Slowly, ever so cautiously, things are getting back to normal. This was a big weekend for movies as Marvel’s Black Widow debuted in both theaters and on the Disney+ Streaming app. Variety reported that this movie generated $80 million in the theaters domestically (far beyond any other post-pandemic release) and another $60 million via Disney Plus Premier Access, where you had to fork over another $30 bucks.
That worked well for my brothers and their families, who are vacationing together and created a fun shared experience.
I have no idea what that bodes for in-theater movies vs. seeing them on streamers. I will say it was a bit odd to see an ad for an Amazon series (Tomorrow War) before the Black Widow theatrical movie that my wife and I attended.
But all in all, it felt really good to be in a theater again. Even the annoying people in the theater weren’t really annoying – it was so pleasant to be enjoying a movie in a social setting again.
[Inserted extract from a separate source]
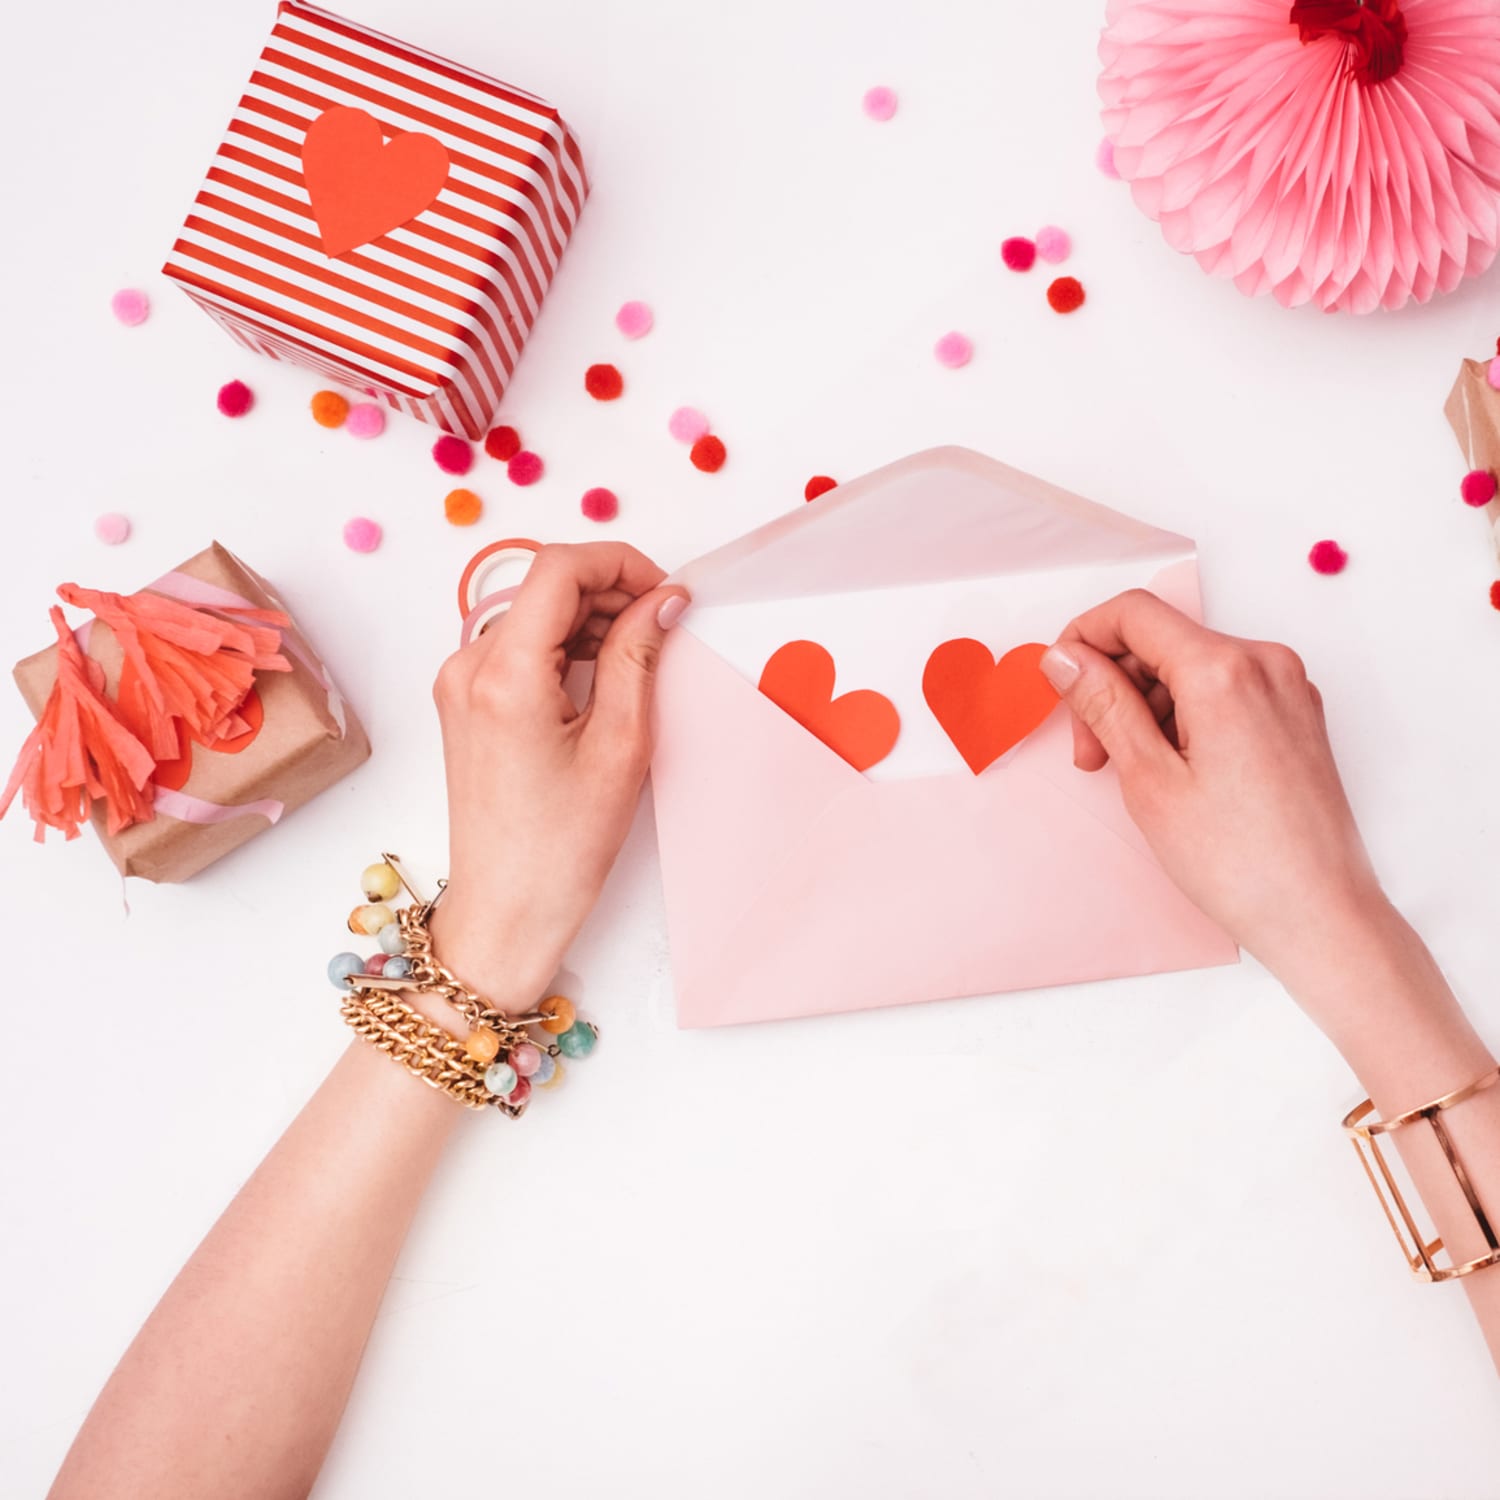 Thoughtful Last-Minute Valentine's Day Gifts for Her

“It was good to be back in a theater, in the dark, with a crowd. It didn’t matter what the movie was,” said Steve Rotterdam of AfterShock Comics and Bonfire Agency. It seems likes that was the overall reaction to seeing movies in the theater.
Professor Larry Maslon of the Tisch School of the Arts at New York University made it back into the theater too:
So, in the summertime, our family decamps to a small town on the North Fork of Long Island that has only one movie theater. Until the summer of 2020, of course, we saw all our summer movies there, and that means opening day of all the MCU movies. Last week, I took my 13-year-old Miles and his pal to see the opening of Black Widow. Unlike our MCU excursions in New York City, where there are hundreds of fanboys in the debut audience, this weekend I was the only fanboy in a small audience of, say, 25 (and Miles, but only sort of because he’s more grown-up than I). When the requisite MCU fan-service Easter egg joke appeared halfway through Black Widow (no spoilers–figure it out yourselves, it’s a heck of a reference), I shrieked with laughter.
After the movie, Miles was furious with me: “Dad, you always do that at a Marvel movie–you’re the only one laughing at these in-jokes. It’s so embarrassing.”
“Yes,” I replied, “But you only noticed because we just started going back to the movies.”
Back to the CONS?
It was a busy weekend for me, as I also attended my first live comic con in forever too. Ken Wheaton, a comics pro who’s never lost his excitement for collecting, launched Rochester’s newest comic convention, The Empire Comic Fest. Upstate New York has a rich history of wonderful cons, and there was definitely an impatience to get things going again.
Emil Novak of Buffalo is holding a convention there next Sunday, and long-time “Convention Maestro” Teddy Hanes has several conventions on the calendar too.
It was refreshing to be back at a convention. This one was focused on back issues, with dealers selling high value books. A strong retailer from Buffalo, Dave and Adams, also exhibited, and it was encouraging to see and hear their enthusiasm.
I found a few treasures there – two Big Little Books (I’ve been looking for that Space Ghost one for years and years) and on issue of DC’s Korak, Son of Tarzan. I do believe this issue is a bit of a landmark and I’m eager to write about it next week.
As you can see from the photos, a good time was had by all. And isn’t that the way it’s supposed to be at a local comic convention?